The Human Trafficking Lab is a social justice innovation space where multidisciplinary student teams use design thinking to research and build replicable, scalable, and disruptive solutions to reduce vulnerability to trafficking. Students will work to fight exploitation at individual, organizational, and systemic levels. We believe the law is an incomplete, imperfect solution to reducing exploitation and that interdisciplinary, cross-industry collaboration is necessary. The work with individual survivors in the Clinic will help ensure the Lab is victim-centered and informed by lived-experience.

Our Fall 2023 focus will be reducing vulnerability to trafficking in supply chains. In Nov. 2022, the U.S. government found that over half of the sugar produced in the Dominican Republic resulted from forced labor. Actions to address this exploitation must be taken. The Lab, along with a coalition of NGOs, is working to respond to these findings to create long-term worker- led oversight of this supply chain to reduce labor trafficking.

Website.

Complex Systems in Ecology
EEB 497.001 (3 credits)
John Vandermeer | M/W 10-11:30am

This course will discuss various themes in complex systems as they are or might be applied to ecological systems. Topics will include, chaos, coupled oscillators, stochasticity, Turing processes, indirect nonlinearities, critical transitions, networks, and others.

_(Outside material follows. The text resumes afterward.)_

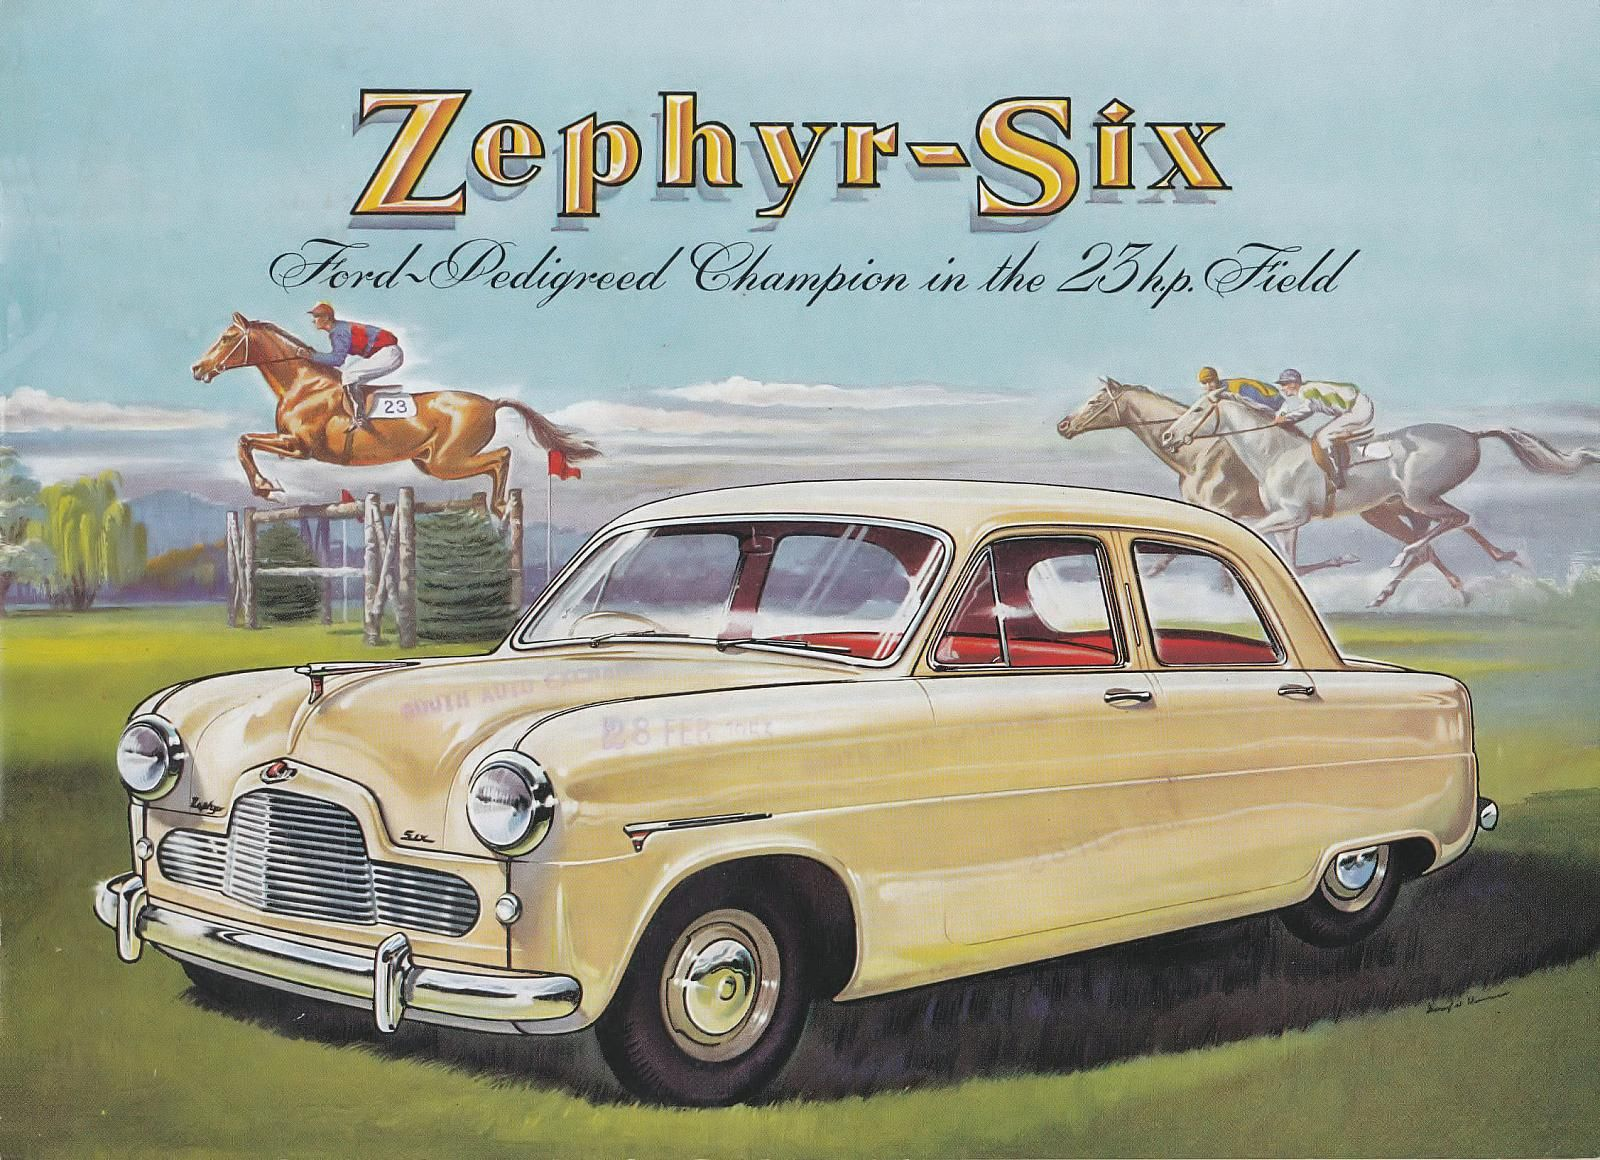 1951 Ford Zephyr Six Brochure Aus Ford Zephyr Retro Cars Ford

Indigenous Sustainability and Environmental Justice
EAS 529 – 001 (3 credits)
M/W 1-2:30pm

Indigenous peoples are among the major architects of environmental movements focusing on sustainability and environmental justice. But whereas many environmentalists focus on restoring or conserving historic ecosystems, Indigenous peoples inhabit landscapes largely altered by different formations of colonialism and racial capitalism. For Indigenous peoples, environmental justice, climate change resilience, food sovereignty, and ecological restoration take on different meanings than typically have been priorities in other environmental movements and sciences. This course seeks to understand, from Indigenous perspectives, how
many Indigenous movements, Indigenous sciences and knowledge systems, and the projects of Indigenous organizations and governments seek to achieve sustainability and environmental justice, including the challenges they face and the lessons they have learned. The course cover topics within domains of Indigenous sciences and knowledge systems, Indigenous environmental activism and anti-colonial philosophies, Indigenous research approaches, Indigenous ecologies, Indigenous resilience, and Indigenous legal orders and strategies in law and policy.

Design for Health Studies
BIOSTAT 593-555 (1 credit)
Roderick Little | Th 7-8:30pm

This course is a critical exploration of the health issues related to domestic food security, food policy, and food programs, with a focus on maternal and child health. We will examine the array of negative health outcomes associated with food insecurity, discuss potential mechanisms underlying these associations, how food policy is made, the intersection of food policy with public health nutrition, and the influence of federal food assistance programs on diet-related outcomes for children and families.